Así, sin corazón, pero con la certeza de saber que amaba, tomó el camino opuesto, volviendo la cabeza cada tanto, mirándola a ella, mirándolo a él (al otro), tan alegres y tan equivocados. Ninguno de los dos podría saber nunca lo que era el amor.



CREACIÓN



Se dice, al menos así me dijeron, que la fotografía es el invento que más deploró y deplora Dios. Antes, bastaban tres generaciones (a veces incluso dos) y un poco de distancia para que los humanos cayeran en el olvido. Crear hombres era una tarea sencilla, repetitiva. Ahora, por el contrario, siempre quedan registros. Crear pasó a ser una imposición de originalidad, una tortura de rostros nuevos y distintos. A Dios, eso se dice, se le están acabando las ideas, y poco falta para que los nuevos vuelvan a ser los de antes.





EL DESTINO



El Destino es un chico medio idiota jugando con sus soldaditos de plástico. Cada tanto quema a uno, aplasta a otro y exalta a otro. Eso sí, su diversión más grande consiste en hacerles creer a todos que hay un porqué.



HASTA QUE LA MUERTE LOS SEPARE



"Hasta que la muerte los separe" escucha que dice el sacerdote en el altar, frente a los novios. Desde uno de los bancos los ve, tan enamorados, tan seguros. "Ingenuos", piensa, "la muerte no separa. No hay nada que una más que ella, y nada que separe más que la vida".



PREFERENCIAS



Prefiere la soledad para evitar el abandono; la muerte, para no preocuparse por la enfermedad; la tristeza, para no sucumbir al miedo. Huye incansablemente del amor eligiendo a quien no ama, no sea cosa que la vida se interponga y le haga una pregunta.



NUNCA SE SABE



          -Chau, papi -dijo Rocío, al tiempo que estiraba el cuello para darle un beso en la mejilla.

          -Chau, hermosa -respondió él-. Portate bien.

          Se besaron. Entonces, Rocío se dio media vuelta y caminó hacia la entrada del colegio, arrastrando su mochila con carrito.

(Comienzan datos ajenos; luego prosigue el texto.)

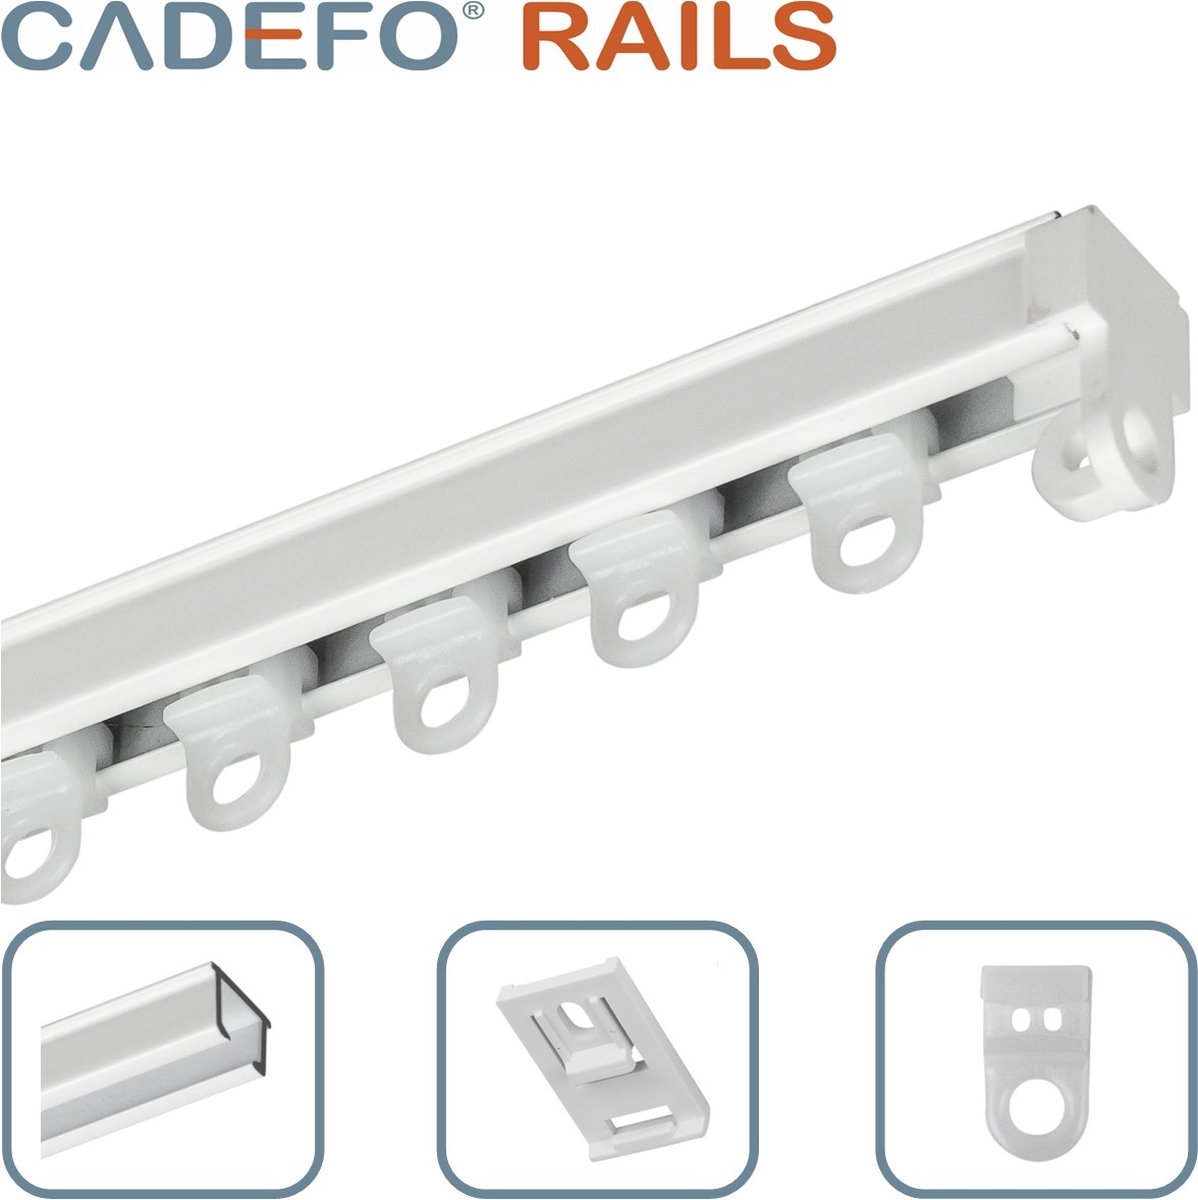 CADEFO RAILS (251 - 300 cm) Gordijnrails - Compleet op maat! - UIT 1 STUK - Leverbaar tot 6 meter - Plafondbevestiging - Lengte 274 cm
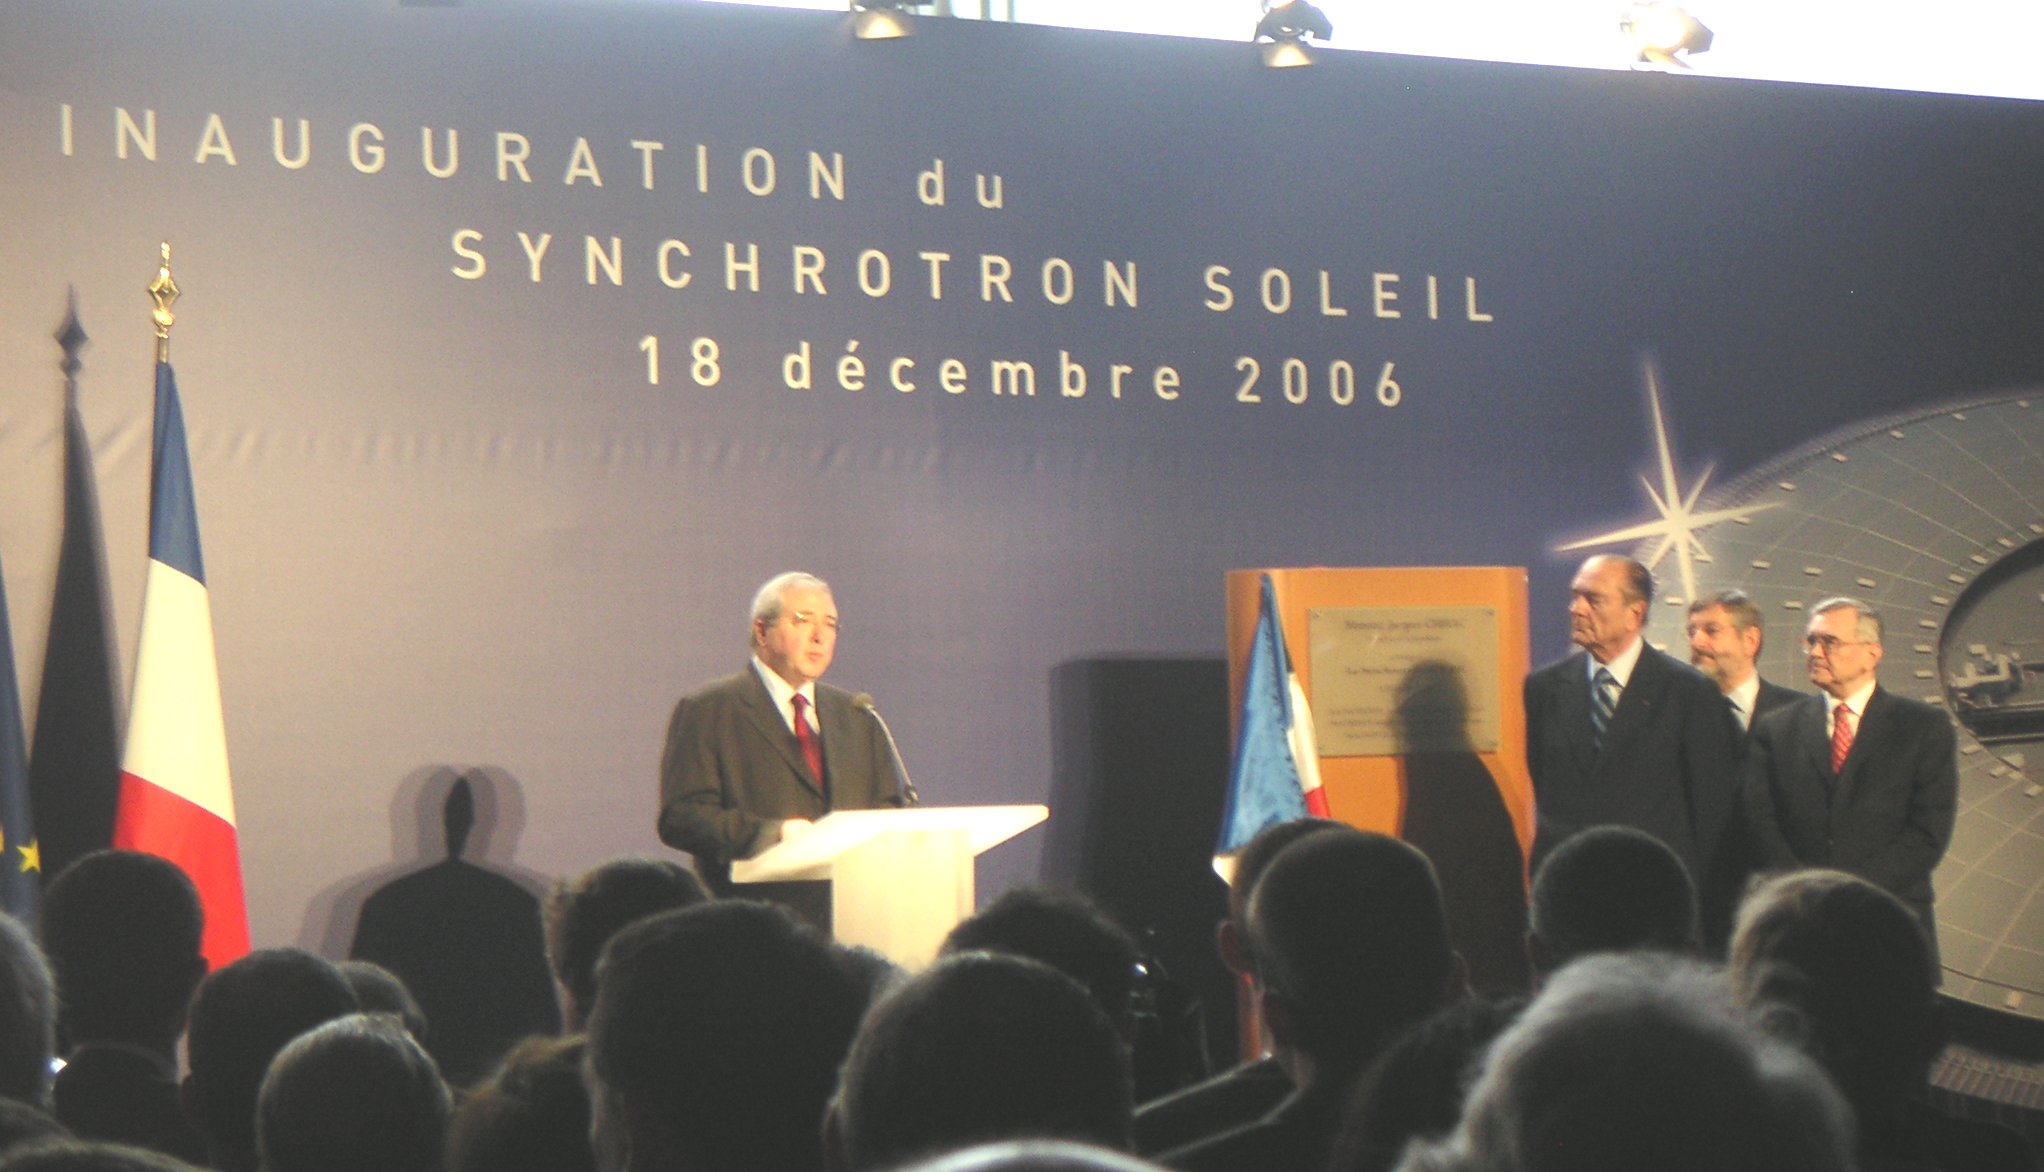     Inauguration du synchrotron SOLEIL par le Président de la République.

          Él la vio alejarse. La vio entrar. La vio perderse por el largo pasillo pintado de verde. Si hubiera sabido que no la iba a volver a ver, habría buscado la forma de mirarla un rato más. Si hubiera sabido que no le iba a volver a hablar, le habría dicho que la amaba. Si hubiera sabido que la vida le iba a decir a uno de ellos "basta", habría sumado al beso un fuerte abrazo.

          O no.

          No hay modo de saberlo.



BREVE HISTORIA DE AMOR



Ella subestimó su amor. Él sobrestimó su paciencia. Ahora ambos viven el intento de olvidarse. Lo que podría haber sido una maravillosa novela de amor, no pasó de borrador.